The following sermon was delivered at the diocesan We Together conference, which took place in Nanaimo on Sept. 30–Oct. 1. You can watch this sermon and the key note speeches from the conference on the diocesan website

Now, let me begin with a bit of a warning, a little truth in advertising. This may be among the weirdest sermons you have ever heard. In fact, you might well wonder if it is a sermon at all. You might even say, “This sure sounds like a lecture to me.” Well, what did you expect? I have been a professor for 24 years; I’ve been a priest for just under three months. So, sue me.  

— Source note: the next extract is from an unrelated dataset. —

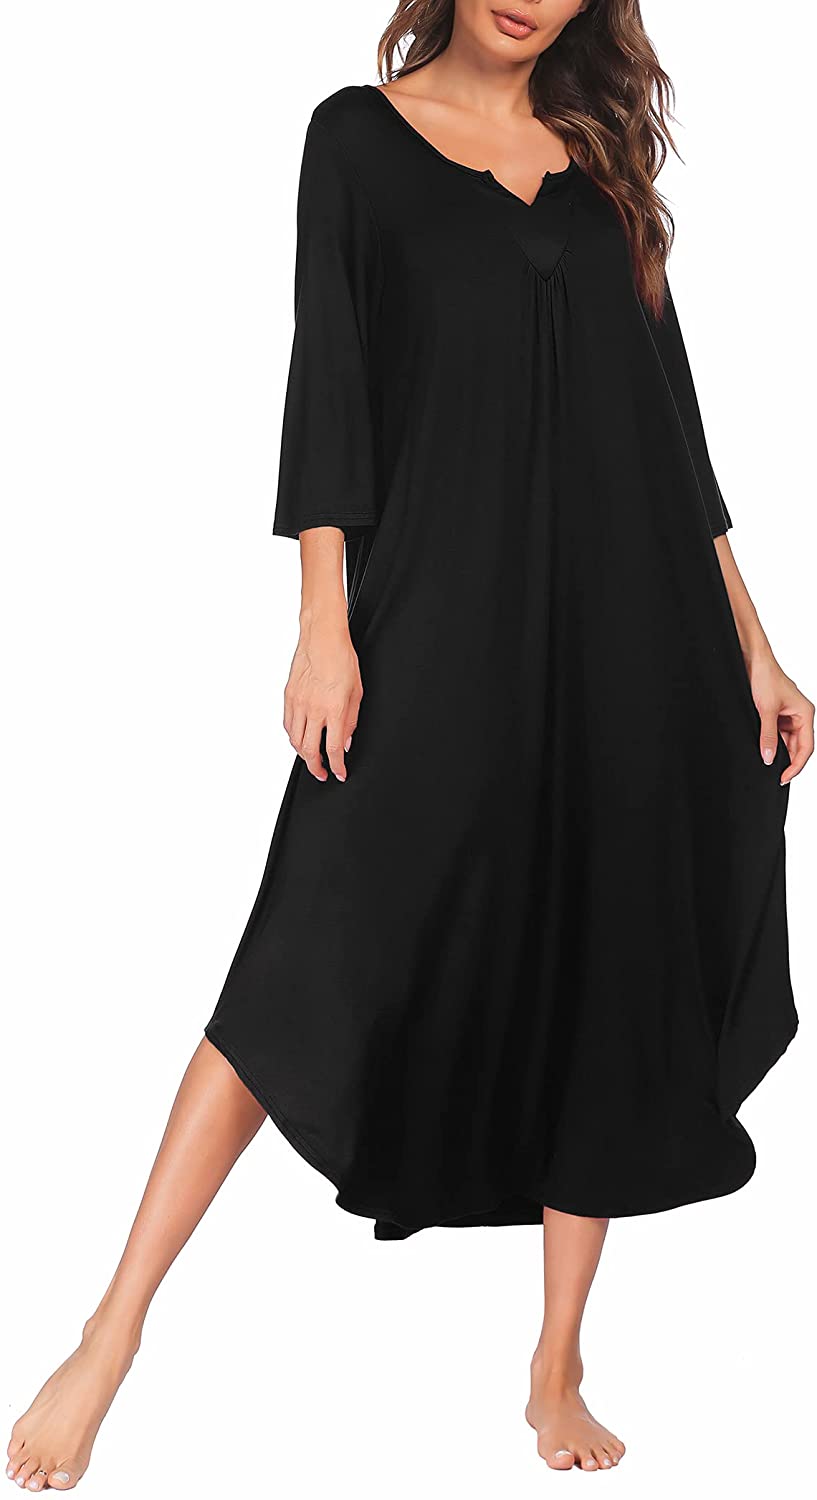 Ekouaer Women's Nightgown Long Sleepshirts Short/Long Sleeve

I begin with a question: Where is God? Where is God located? Does God have an address? Is the question even a good one? For Christians, truth be told, the question is a strange and uncomfortable one. For a host of reasons, we Christians prefer the question, “When is God?” The when question is easier for us. We can point to the God of Exodus, God made flesh in Jesus, and the God who is yet to come. For Christian imagination, God is a God of time and history but not place. That is why the where question is trickier. Why have Christians been so bad about thinking about God and place? A huge question but let me offer a partial starter answer.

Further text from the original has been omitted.